[Collected data]

---------------

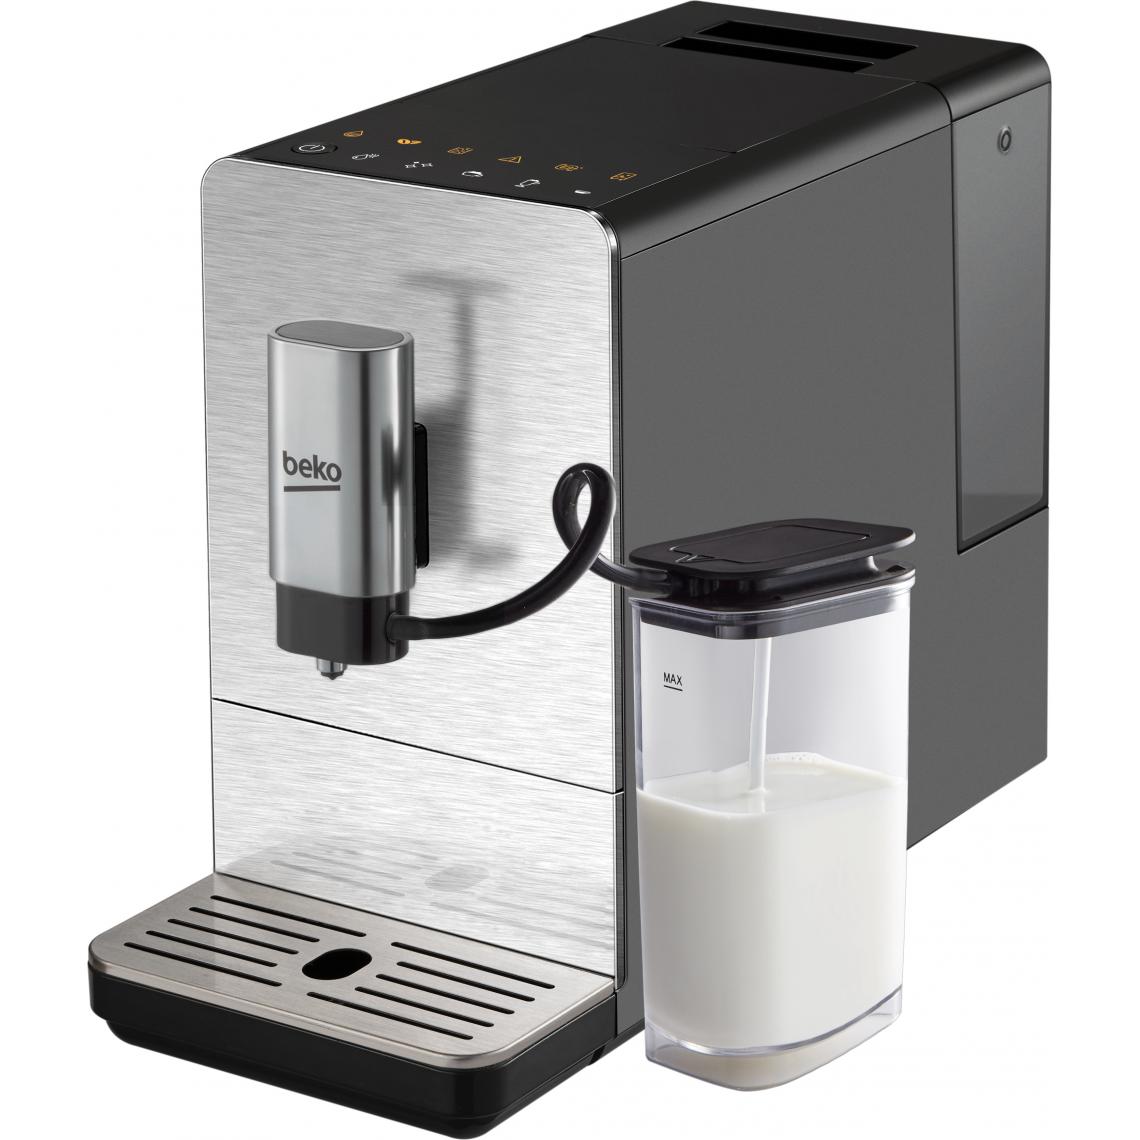 Beko - Machine à café Expresso broyeur CEG5331X - Argent - Expresso - Cafetière
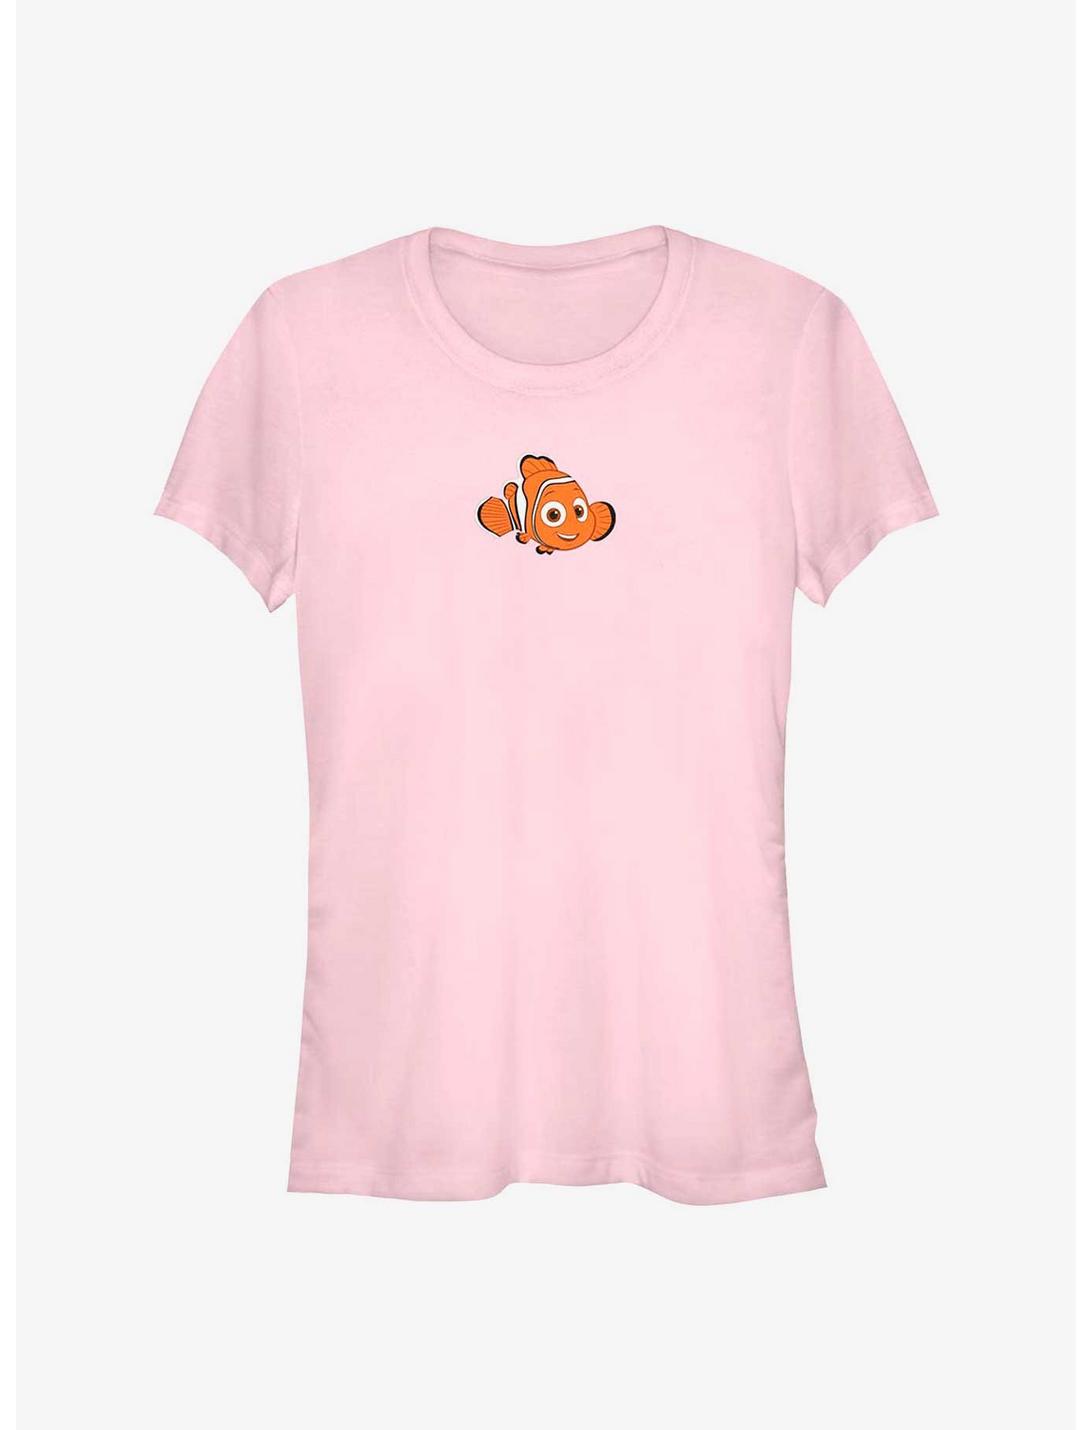 Disney Pixar Finding Nemo Solo Girls T-Shirt, LIGHT PINK, hi-res
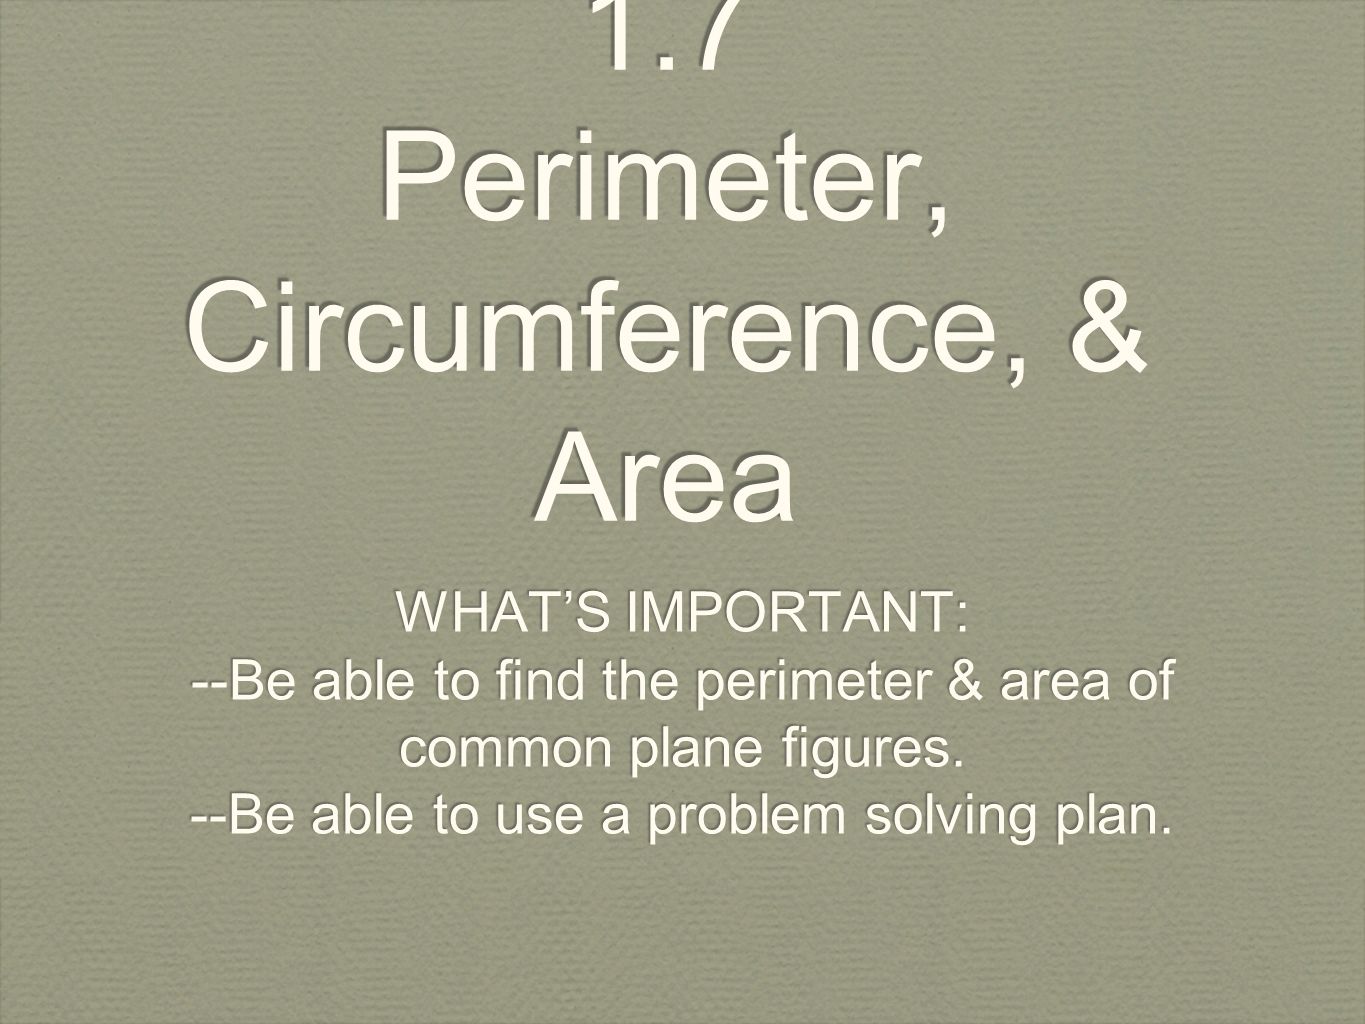 1.7 Perimeter, Circumference, & Area

---------------

[About this task] Write out the data again word for word, minus any images.

[Completed exercise]
 Beko - Machine à café Expresso broyeur CEG5331X - Argent - Expresso - Cafetière
 Disney Pixar Finding Nemo Solo Girls T-Shirt, LIGHT PINK, hi-res
 1.7 Perimeter, Circumference, & Area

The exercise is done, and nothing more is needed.